Safety — Testogel® 40.5 mg, transdermal gel in sachet
CONTRAINDICATIONS1,2
Testogel® 40.5 mg, transdermal gel in sachet is contraindicated in:
- Cases of known or suspected prostatic cancer or breast carcinoma
- Cases of known hypersensitivity to the active substance or any of the excipients
ADVERSE REACTIONS2
The most frequently observed adverse drug reactions at the recommended dosage of gel per day were skin reactions: reaction at the application site, erythema, acne, and dry skin.
| Preferred Terms | ||
|---|---|---|
| MedDRA System Organ Class | Common Adverse Reactions (≥ 1/100 to < 1/10) | Uncommon Adverse Reactions (≥ 1/1000 to < 1/100) |
| Psychiatric disorders | Mood disorders | |
| Nervous system disorders | Dizziness, paraesthesia, amnesia, hyperaesthesia | |
| Vascular disorders | Hypertension | |
| Gastro-intestinal disorders | Diarrhoea | |
| Skin and subcutaneous tissue disorders | Alopecia, urticaria | |
| Reproductive system and breast disorders | Gynaecomastia (which may be persistent, is a common finding in patients treated for hypogonadism), mastodynia, prostatic disorders | Prostate abnormalities |
| General disorders and administration site conditions | Headache | |
| Investigations | Changes in laboratory tests (polycythaemia, lipids). Haematocrit increased, red blood count increased, haemoglobin increased | Haematocrit increased, Haemoglobin increased, red blood cell count increased |
SPECIAL WARNINGS AND PRECAUTIONS:2
- Testogel® 40.5 mg, transdermal gel in sachet should be used with caution in cancer patients at risk of hypercalcaemia (and associated hypercalciuria), due to bone metastases. Regular monitoring of serum calcium concentrations is recommended in these patients
- In patients suffering from severe cardiac, hepatic or renal insufficiency or ischaemic heart disease, treatment with testosterone may cause severe complications characterised by oedema with or without congestive cardiac failure.

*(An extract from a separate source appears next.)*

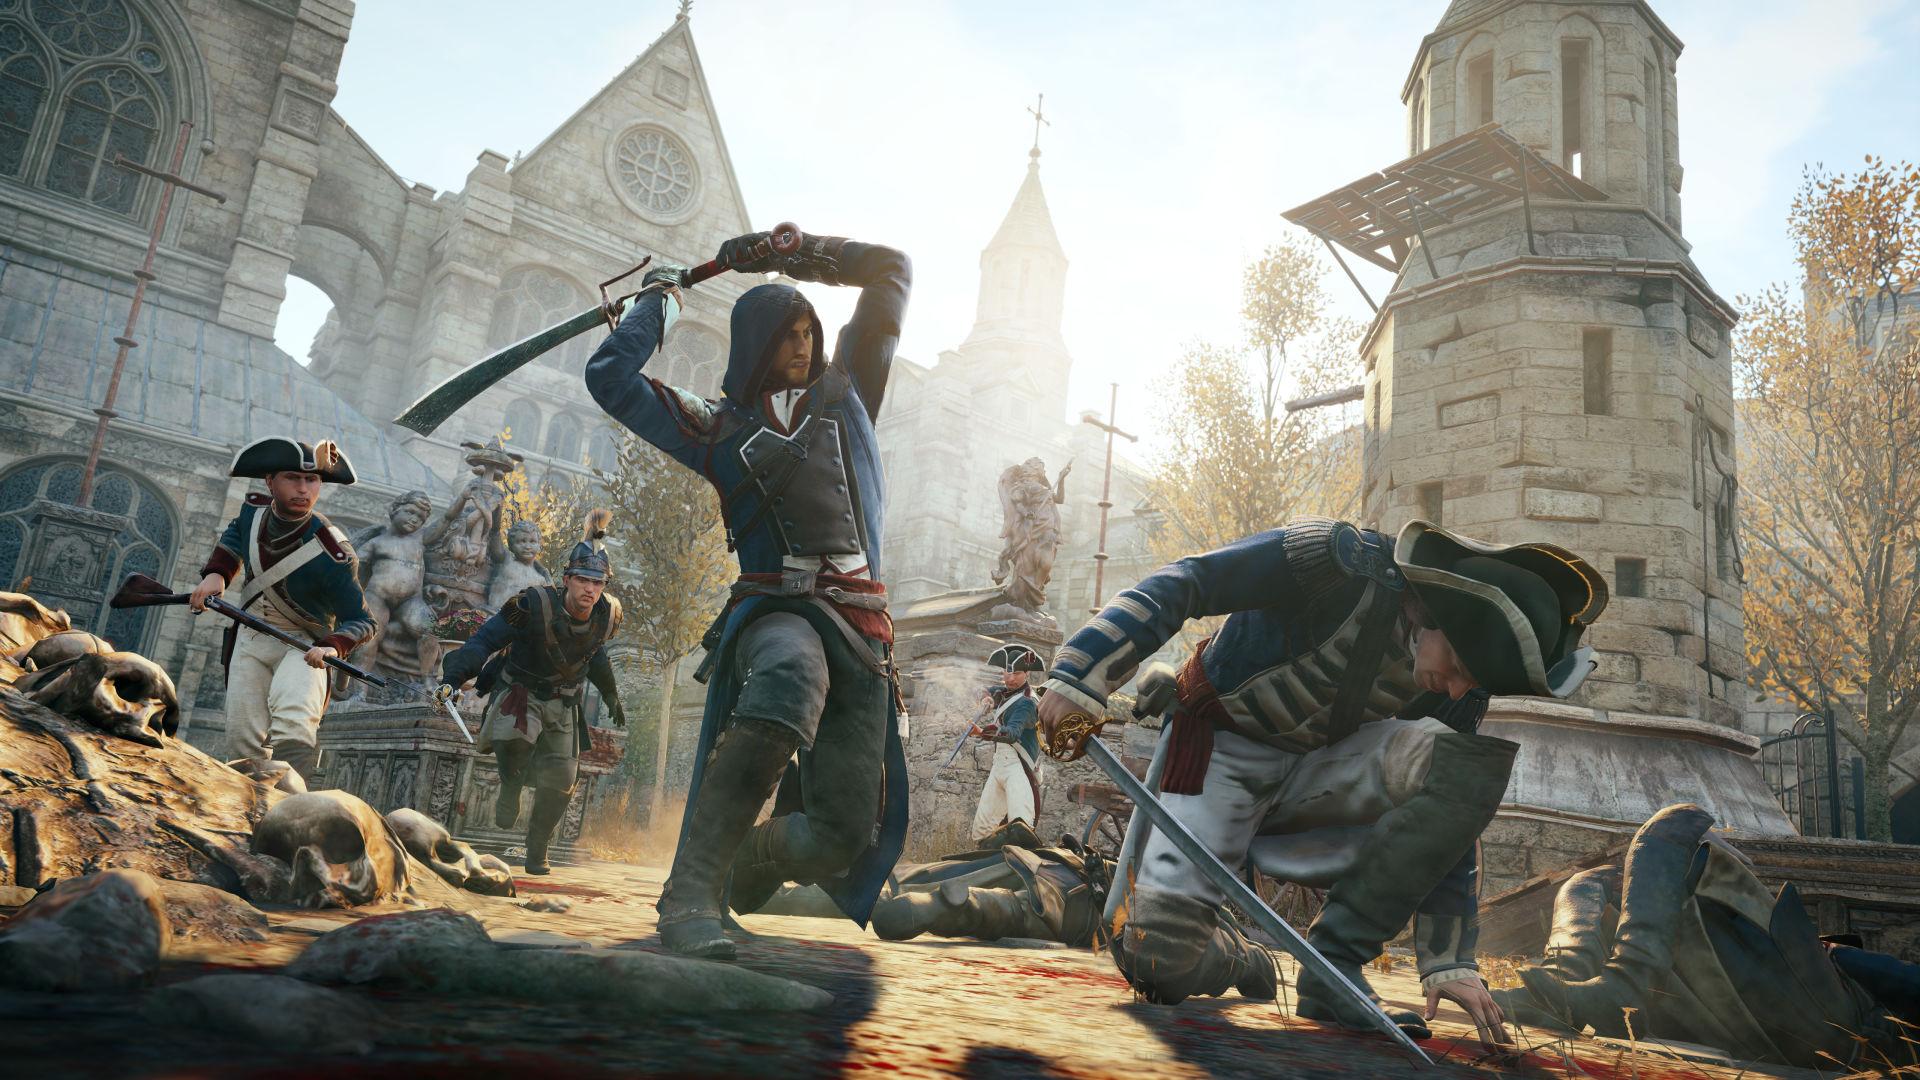 AC Unity Is The Worst Assassin's Creed, But Not For Why You Think

In such case, treatment must be stopped immediately
- Testosterone may cause a rise in blood pressure and Testogel® 40.5 mg, transdermal gel in sachet should be used with caution in men with hypertension
- Testosterone should be used with caution in patients with thrombophilia or risk factors for venous thromboembolism (VTE), as there have been post-marketing studies and reports of thrombotic events (e.g. deep-vein thrombosis, pulmonary embolism, ocular thrombosis) in these patients during testosterone therapy
- In thrombophilic patients, VTE cases have been reported even under anticoagulation treatment, therefore continuing testosterone treatment after first thrombotic event should be carefully evaluated. In case of treatment continuation, further measures should be taken to minimise the individual VTE risk
- Improved insulin sensitivity may be observed in patients treated with androgens and may require a decrease in the dose of antidiabetic medications
- With large doses of exogenous androgens, spermatogenesis may be suppressed through feedback inhibition of pituitary follicle-stimulating hormone (FSH), which could possibly lead to adverse effects on semen parameters including sperm count
- This medicine should not be used by women, due to possible virilizing effects
- The attention of athletes is drawn to the fact that Testogel® 40.5 mg, transdermal gel in sachet contains an active substance (testosterone) which may produce a positive reaction in anti-doping tests
Please consult the Summary of Product Characteristics to view the contraindications, warnings, special precautions and the full list of adverse reactions associated with Testogel® 40.5 mg, transdermal gel in sachet.